Unmasking Nginx’s DNS Caching Pitfall in Dynamic Environments
As engineers, we rely on Nginx as a steadfast, high-performance pillar of our infrastructure. We configure it to proxy traffic, terminate SSL, and serve static content, trusting its legendary stability. But a subtle, default behavior in its DNS resolution can transform this trusted ally into a silent saboteur, causing mysterious 502 Bad Gateway errors that only a full restart can fix.
This is the story of that saboteur: a common configuration mistake that lies dormant in stable environments but brings down applications in the dynamic, ephemeral world of cloud computing. We will not only diagnose the problem but embark on a journey to reproduce it, uncovering a deceptive “false positive” in Docker before building a definitive simulation that proves the danger and validates the solution.
An Innocent-Looking Configuration
Consider a typical setup: Nginx running as a reverse proxy in front of an AWS Network Load Balancer (NLB) or a Kubernetes service. The configuration seems straightforward and correct:
# A seemingly harmless configuration
location /api/ {
proxy_pass http://my-api-service.us-east-1.elb.amazonaws.com/;
}
This configuration works perfectly upon deployment. But hours or days later, your monitoring alerts scream with 502 errors. You restart the Nginx process, and the problem vanishes, only to return unpredictably.
The root cause is not a bug in Nginx, but a feature working as designed. When Nginx starts or reloads, it parses this configuration. Seeing a static hostname, it performs a one-time DNS lookup to resolve my-api-service... to its current IP addresses. These IPs are then “baked into” the in-memory configuration.
In a dynamic environment like AWS or Kubernetes, the IPs behind a load balancer or service name are not permanent. They change due to scaling events, deployments, or host failures. When they do, your Nginx instance has no idea. It continues to proxy requests to the old, stale IP addresses, which are now dead endpoints, resulting in a stream of 502 errors.

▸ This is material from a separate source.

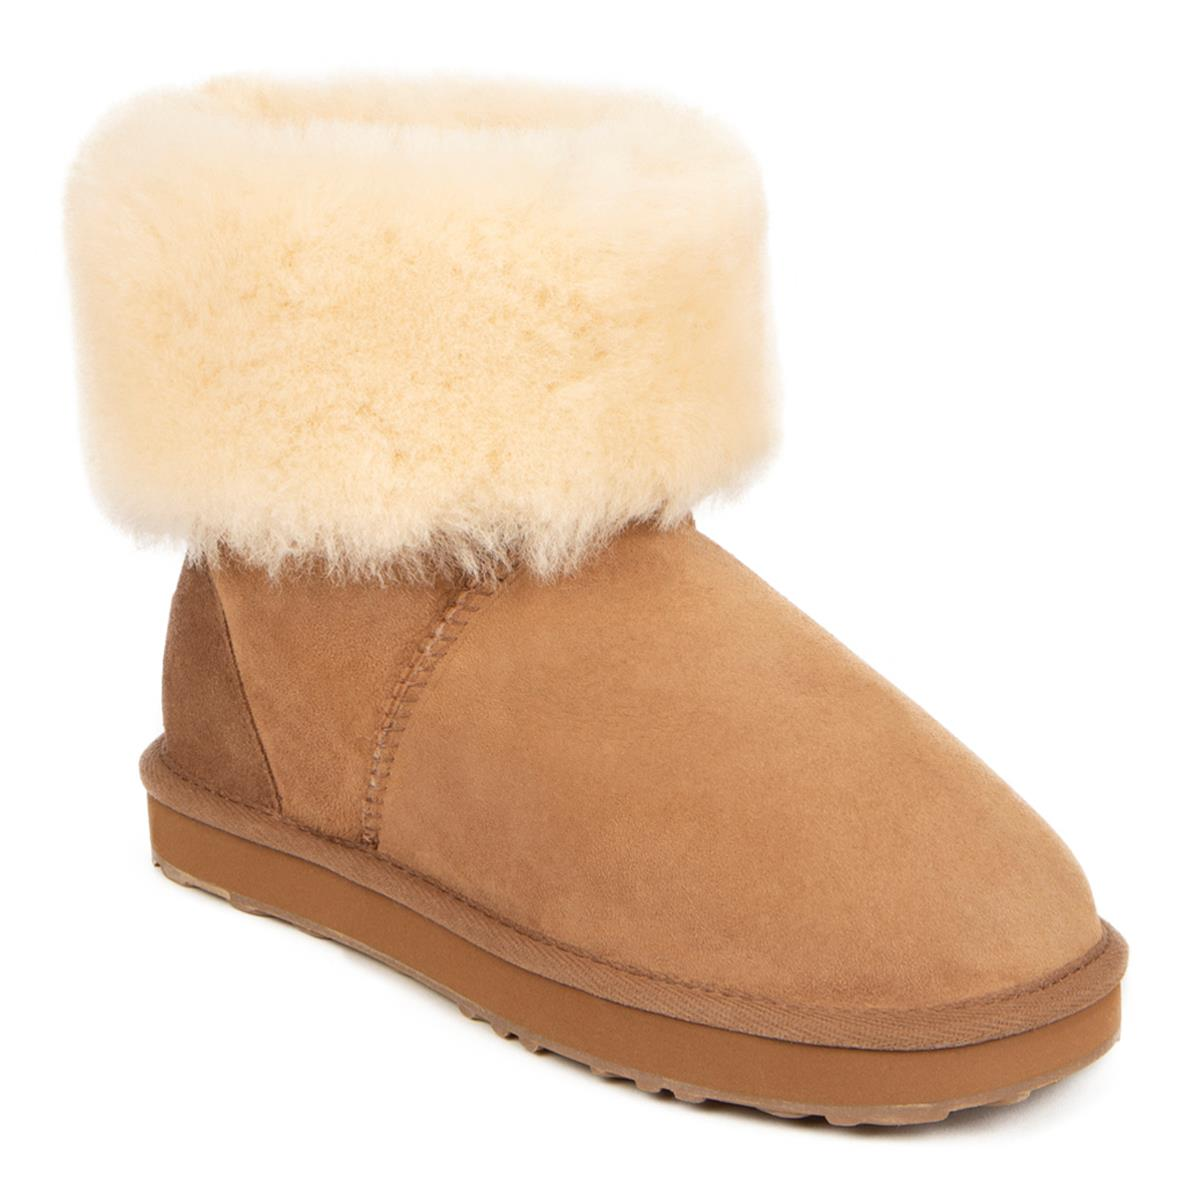 e2954b30cf5 Ladies Cornwall Sheepskin Boots Chestnut
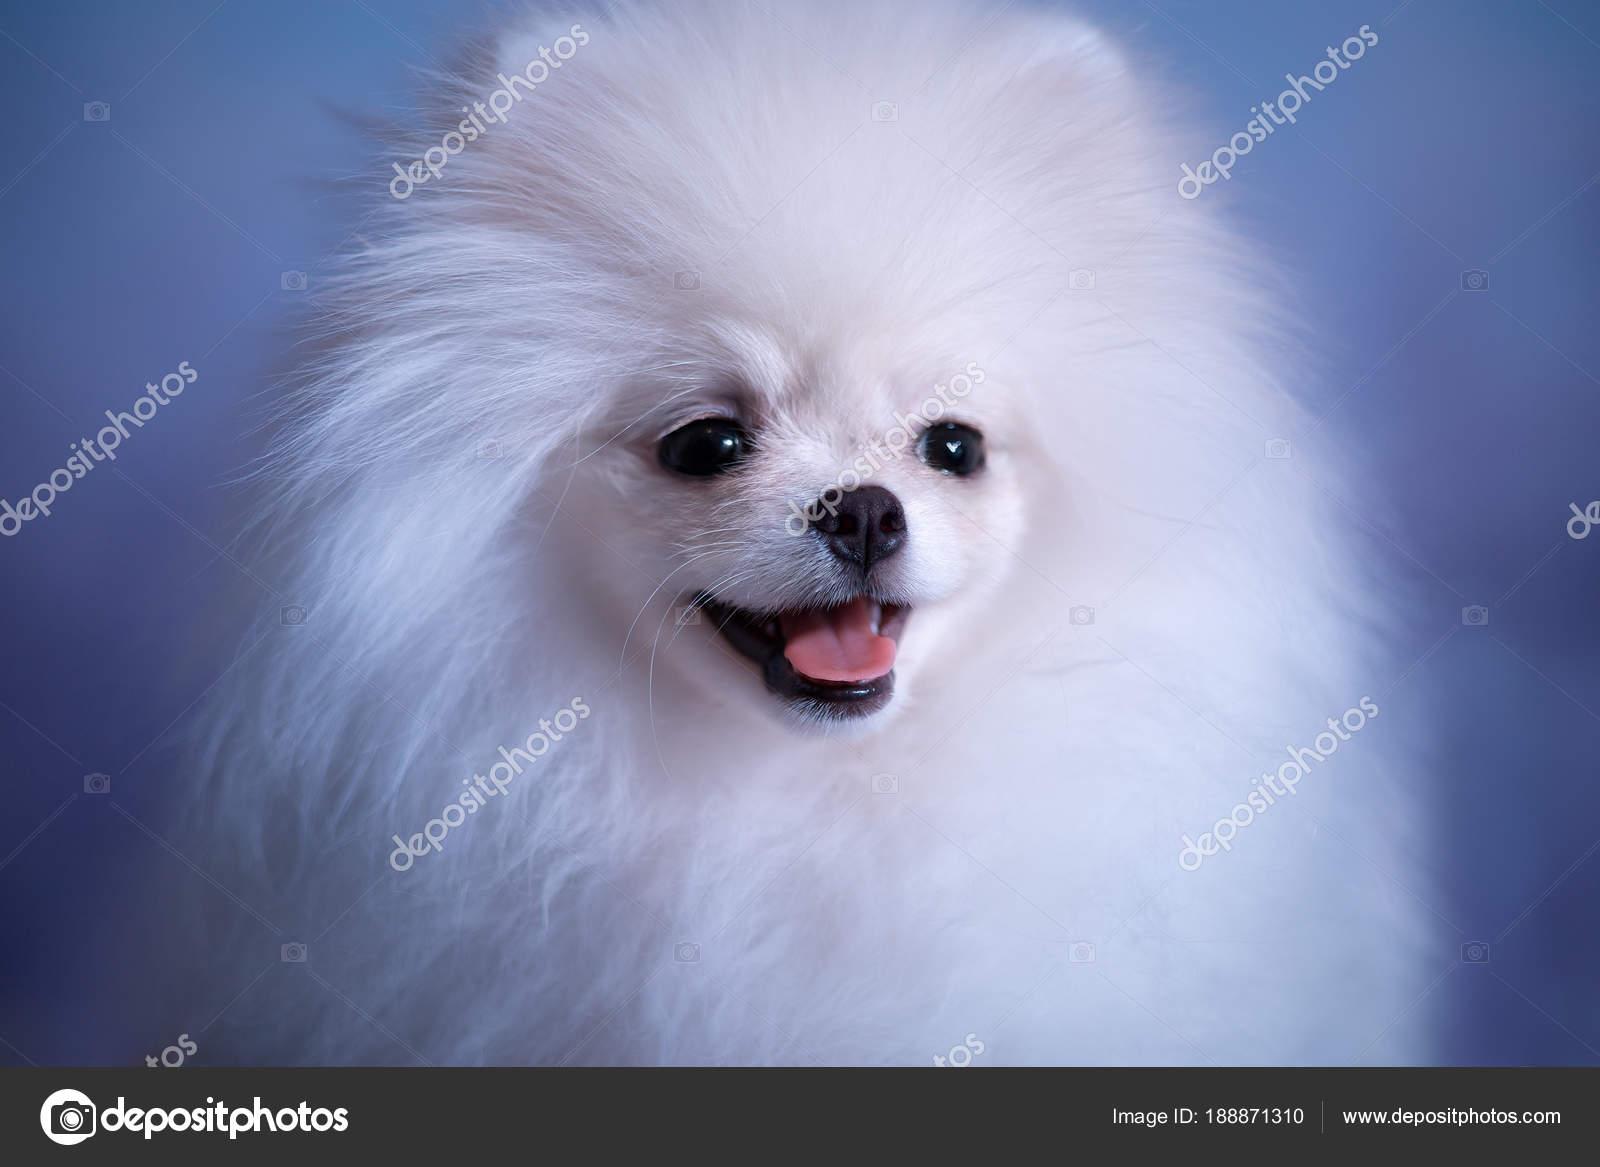 Cute White Fluffy Puppy Stock Photo C Fotolit2 188871310

The Quest for Reproduction
To truly understand this failure mode, we must reproduce it locally. Our tool of choice is Docker Compose, allowing us to simulate the Nginx proxy and a backend service whose IP can be changed on demand.
Our plan:
- Define an Nginx proxy and two backend services,
backend_v1andbackend_v2. - Give both backends the same network alias,
my-backend-service. - Start Nginx proxying to
backend_v1. - Stop
backend_v1and startbackend_v2, simulating an IP change. - Observe Nginx fail to connect to the new service.
First Attempt
Our initial, simple docker-compose.yml looked something like this:
services:
nginx_proxy:
# ...
backend_v1:
# ...
networks:
my_app_net:
aliases:
- my-backend-service
backend_v2:
# ...
networks:
my_app_net:
aliases:
- my-backend-service
# ...
We ran the test:
docker compose up -d nginx_proxy backend_v1curl http://localhost:8080-> Success, got response from V1.docker compose stop backend_v1docker compose up -d backend_v2curl http://localhost:8080-> Success! We got a response from V2.
The test failed to fail. Why? We had uncovered a crucial secondary lesson: Docker’s IP address reuse. When backend_v1 was stopped, its IP was released back into the network’s pool. When backend_v2 was started moments later, Docker’s IPAM simply assigned it the first available IP; the exact same one backend_v1 had used. Nginx’s stale cache was accidentally correct. This lucky coincidence masks the underlying issue in simple tests but offers no protection in the wild.
A Deterministic Failure
To create a reliable test, we must guarantee the IP address changes. The solution is to use static IPs within our Docker Compose setup. By defining a subnet and assigning a different, predictable IP to each backend version, we remove all ambiguity.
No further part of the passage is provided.